Robertsbridge is a village in the civil parish of Salehurst and Robertsbridge, and the Rother district of East Sussex, England. It is approximately 10 miles (16 km) north of Hastings and 13 miles (21 km) south-east of Royal Tunbridge Wells. The River Rother passes through the village.

History
The village is thought to date back to 1176 when a Cistercian abbey was founded there by the Abbot, Robert de St Martin. When a market charter was granted in 1198 by Richard I to Robertsbridge (Pons Roberti in Latin) it was the first recorded use of the name. The abbey was dissolved in 1538;  however, the town flourished, and many of the oldest existing houses in the village date from the 14th and 15th centuries, including The Seven Stars Inn in the High Street.

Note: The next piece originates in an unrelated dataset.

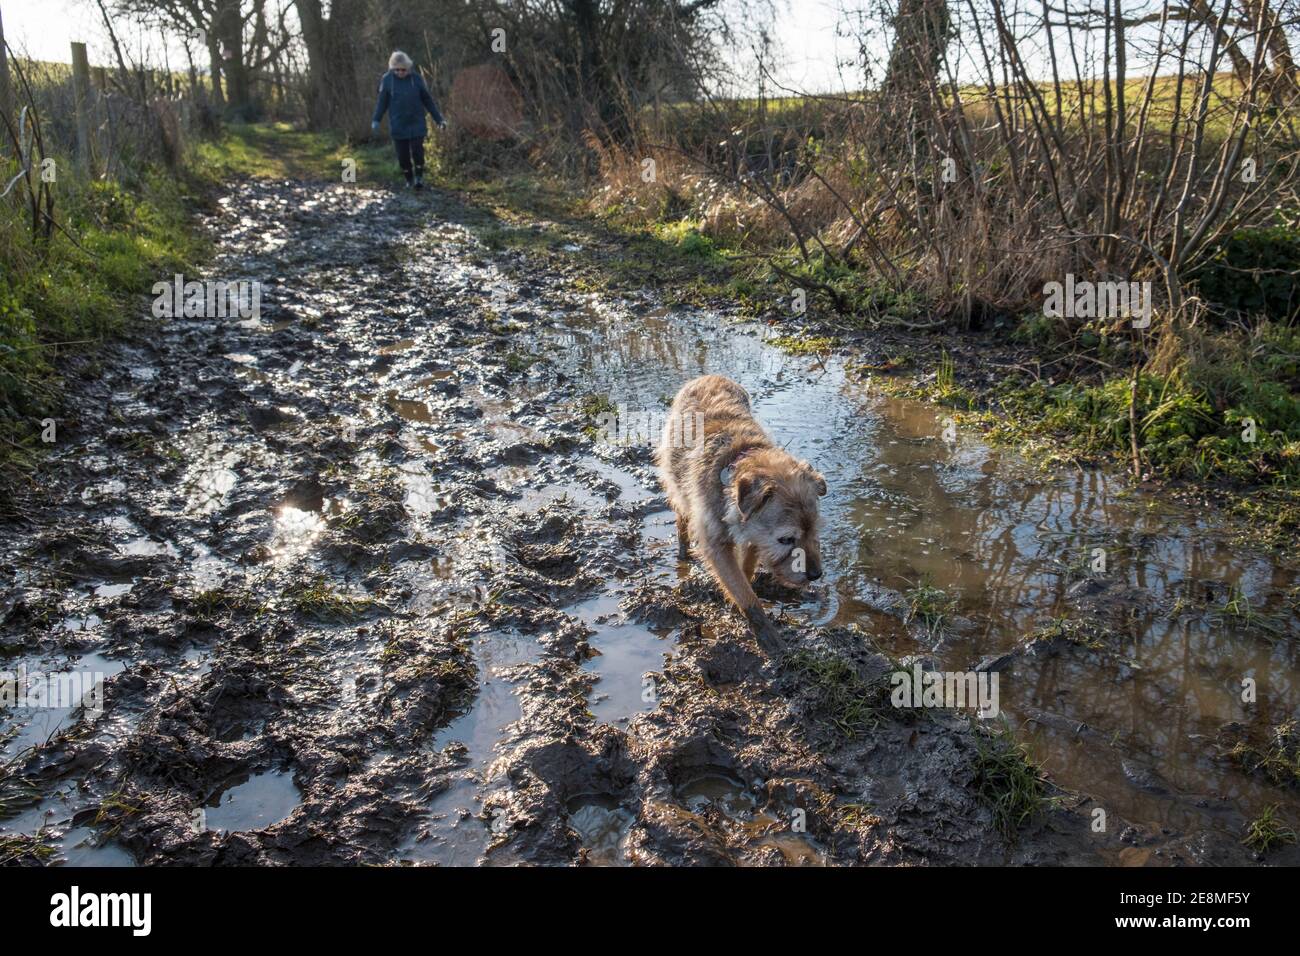 Chien marchant. Promenade en chien humide et boueux sur un sentier boueux. Suffolk, Royaume-Uni. Le terrier est un Border / Jack Russel cross âge 17 ans. Banque D'Images

From the village was discovered the Robertsbridge Codex (1360), a music manuscript from the 14th century. It contains the earliest surviving music written specifically for keyboard.

Transport 
Robertsbridge Railway Station is on the main railway line from Hastings to London, and the A21 trunk road. The Robertsbridge bypass opened in 1989.

Education 
Robertsbridge Community College, a specialist mathematics and computer college, is the smallest such in the county of East Sussex. Salehurst Church of England Primary School is also located in the village.

Community facilities 
Robertsbridge cultural organizations include Robertsbridge Arts Partnership (RAP], a Jazz Club and Robertsbridge Wine Club  (RWC). Sports clubs include Robertsbridge Cricket Club. and formerly Robertsbridge Rugby Football Club, which disbanded in the 2008-2009 season.  Robertsbridge has a bonfire society.

Economy 
Robertsbridge is the home to several notable sporting equipment brands. Parent company Grays International have been based in Robertsbridge since moving from Cambridgeshire in the 1990s. The company makes cricket equipment under the Gray-Nicolls brand, netball and rugby equipment as Gilbert, and hockey equipment as Grays.

Religion 
Robertsbridge United Reformed Church, a Grade II-listed chapel built in 1881, stands on the High Street. The former Bethel Strict Baptist Chapel, built in 1842 and also listed Grade II, is nearby.  A residential Bruderhof community, known as Darvell, is located on the outskirts of the village.

Notable people
People who have lived in Robertsbridge include educationalist and women's rights activist Barbara Bodichon, journalist Malcolm Muggeridge,, model Heather Mills, and footballer Sam Jennings who died there in 1944.

Demography

The demographics above are drawn from the National Statistics Office, 2001 Census. As data is not available for Robertsbridge in isolation, the table includes the entire parish of Salehurst and Robertsbridge.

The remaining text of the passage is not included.